A1, B1, A2, B2, γ1, and γ2 are model parameters that regulate the production of paracrine factors S(x, t) denotes the mechanical stimulus function.

The BMUs in cortical and trabecular bone have the same biological structure but different morphological organizations. The remodeling or renewal of bone tissue constitutes 25% of trabecular and 2–3% of cortical bone renewal each year (up to 10 times higher for trabecular bone) (Parfitt, 1994; Rho et al., 1998). Therefore, to distinguish between BMU activity in cortical and trabecular bone, the Komarova model was applied for both bones but with a bone density (Eq. 12) 10 times lower for cortical bone (kicorti=0.1×kitrabi=1,2).

The model parameters are summarized in Table 1.

Table 1.

Material properties for bone used for the remodeling simulation from Mullender and Huiskes (1995), Hernandez et al. (2001), Komarova et al. (2003), Hambli et al. (2009).

Parameters Notation Trabecular bone Cortical bone
GENERAL PARAMETERS
Initial elastic modulus E0 (MPa) 2000 17000
Poisson ratio ν 0.3 0.3
Initial density ρ (g/cm3) 0.764 1.4
Density coefficient C (g/cm3) 4000 80003
Density exponent P 3 3.
Ash exponent Q 2.74 2.74
DAMAGE LAW PARAMETERS
Fatigue parameter γ 0.2 0.2
Fatigue exponent β 0.4 0.4
MINERALIZATION PARAMETERS
Initial ash fraction α0 0.6 0.6
Maximum physiological value αmax 0.7 0.7
Velocity of the mineralization k (days−1) 0.0003387 0.0003387
STIMULUS PARAMETERS
Mechanosensitivity of the osteocyte μk (nmol mm J−1 h−1) 0.5 0.5
Osteocytes density Noc (mm−3) 10625 10625
Spatial influence factor d0 (μm) 0.1 0.1
Accommodation velocity parameter λ (days−1) 0.002 0.002
Initial setpoint value Sk0(Jm3) 0.0025 0.0025
BMU PARAMETERS
Osteoclasts
Osteoblasts
Notation Trabecular Cortical Notation Trabecular Cortical

α1 (osteoclasts/day) 3 3 α2 (osteoblasts/day) 4 4
β1 (osteoclasts/day) 0.2 0.2 β2 (osteoblasts/day) 0.0017 0.0017
k1 (osteoclasts/day) 0.24 0.024 k2 (osteoblasts/day) 0.02 0.002
A1 1.6 1.6 A1 −1.6 −1.6
B1 −0.49 −0.49 B2 0.6 0.6
γ1 (g/J) 16.67 16.67 γ2 (g/J) 33.37 33.37
xC (t = 0) (osteoclasts) 15 15 xB (t = 0) (osteoblasts) 1 1

Simulation of femoral head remodeling

To illustrate the capabilities of the mechanobiological bone adaptation model developed, remodeling of a 2D proximal femur was performed.
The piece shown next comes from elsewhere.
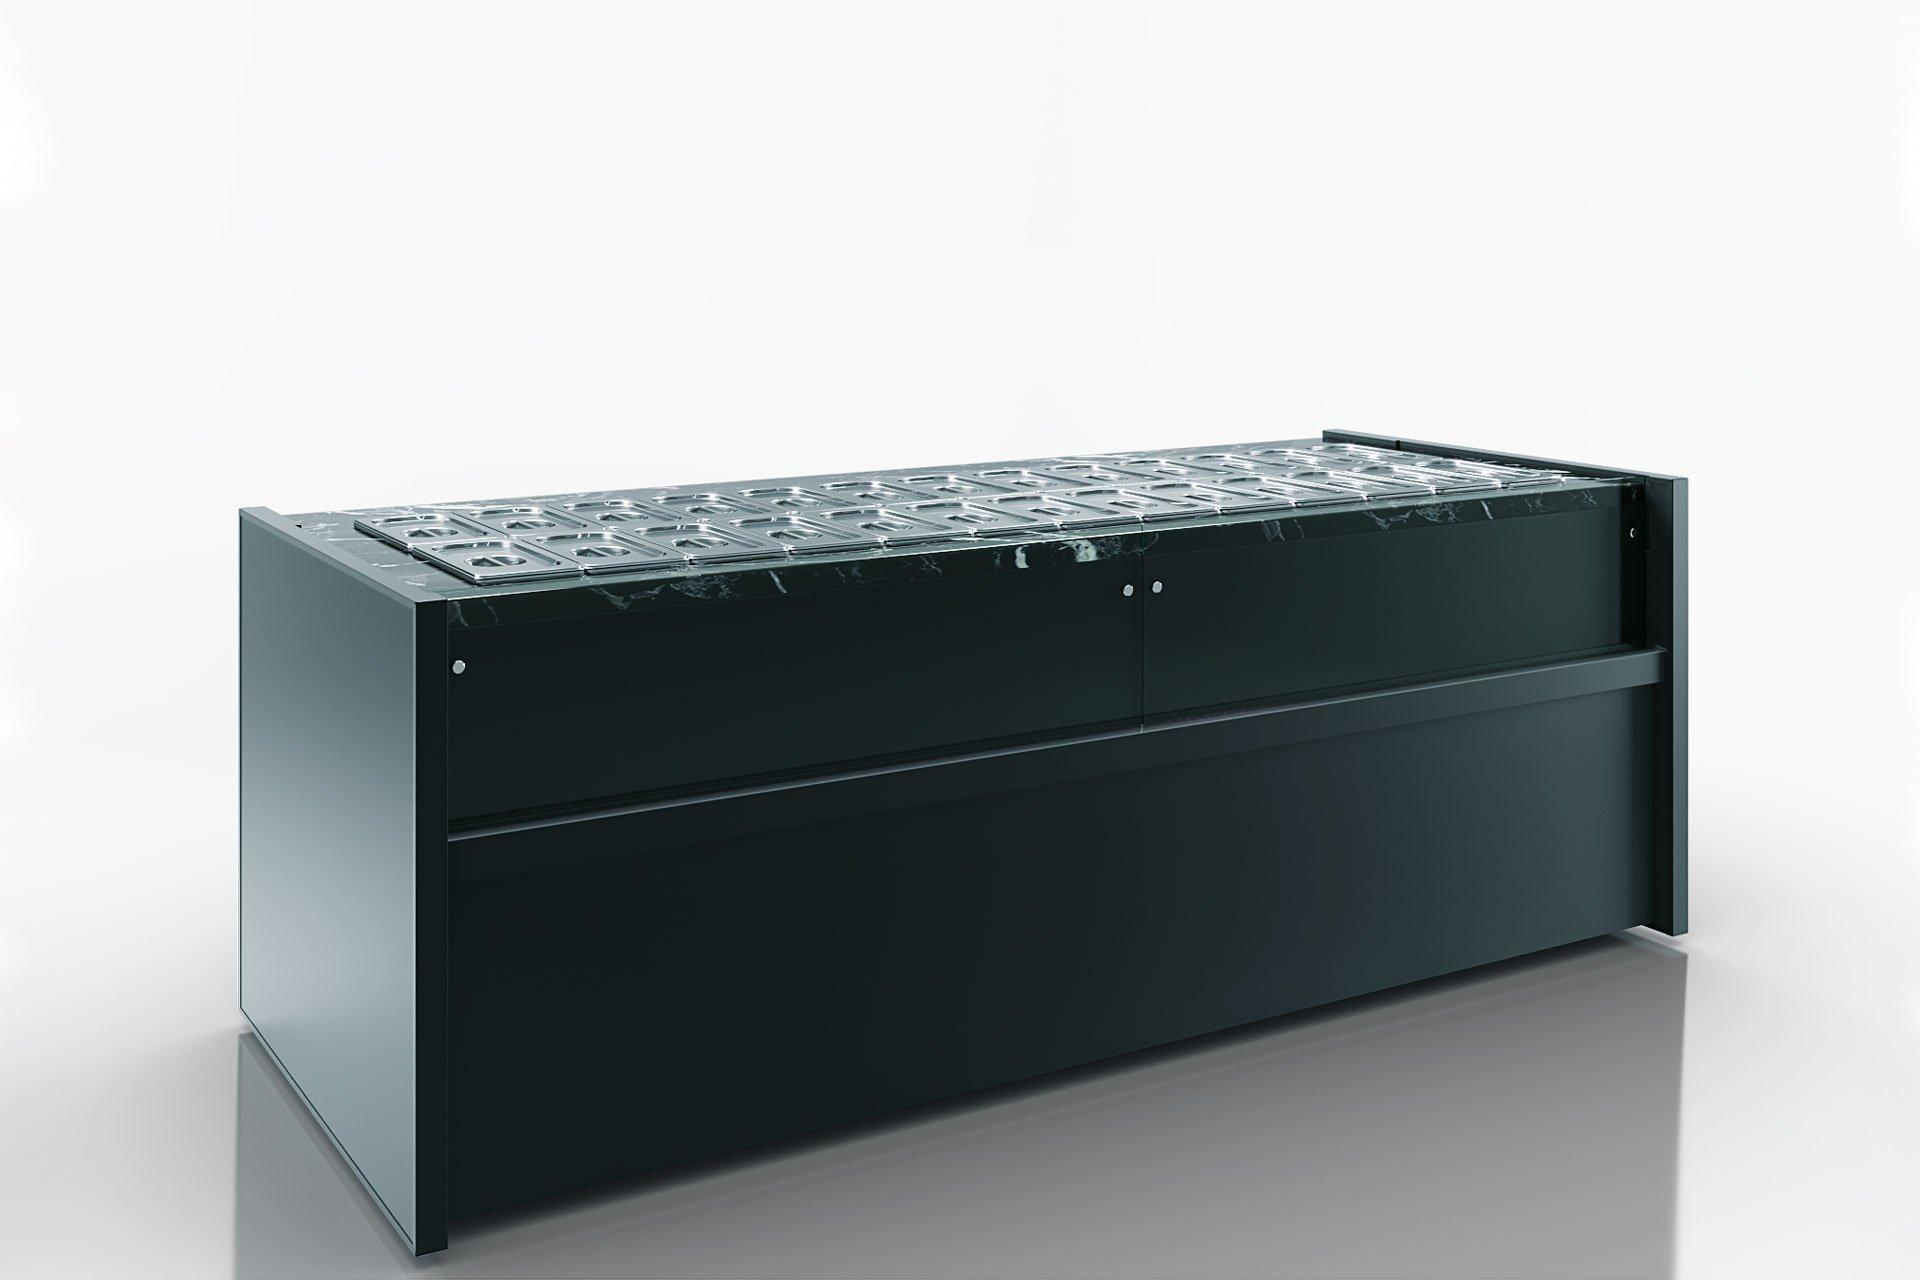 מקרר סלטיה MISSOURI MC 100 PICKLES SELF M/A
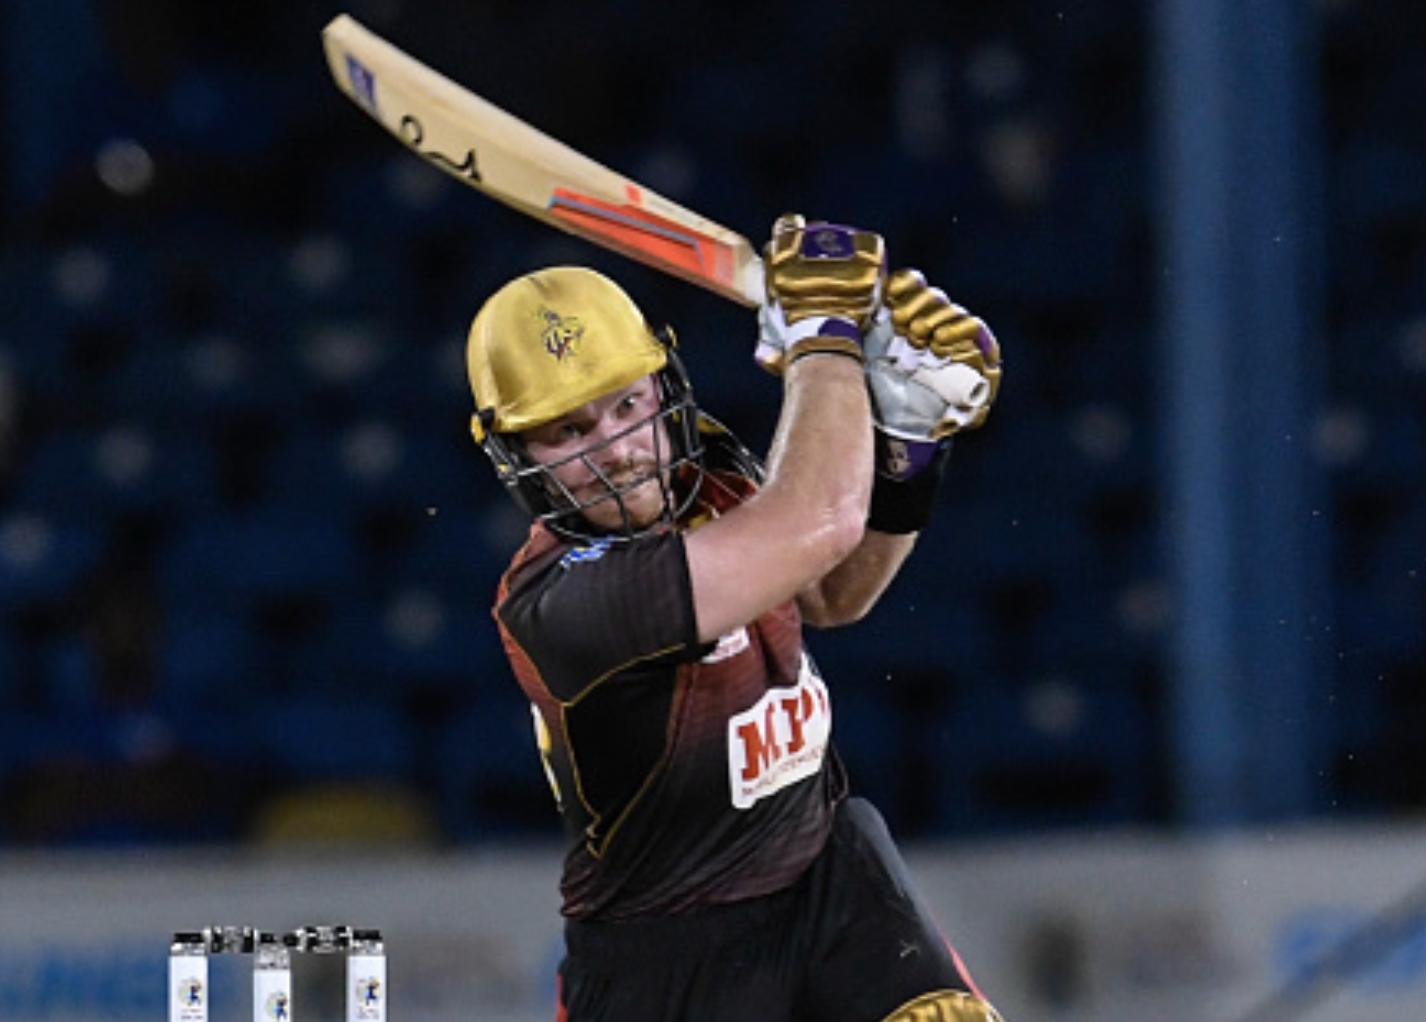 IPL 2021: KKR's Seifert tests Covid positive, stranded in India

The 2D model is based on the geometry of a real femur, taken from a radiograph of a coronal section of the proximal femur (Jacobs et al., 1995). An FE model was constructed including the trabecular and cortical bones and a representation of the acetabulum allowing for the free femur head articulation (Figure 2). The purpose of the model is to show the adaptation of the proximal femur only (trabecular and cortical bone). Hence, the acetabulum appears as an exterior element, which participates in load bearing, but is not part of the adaptation process in the algorithm.

Figure 2.

Figure 2

FE of the proximal femur and boundary conditions.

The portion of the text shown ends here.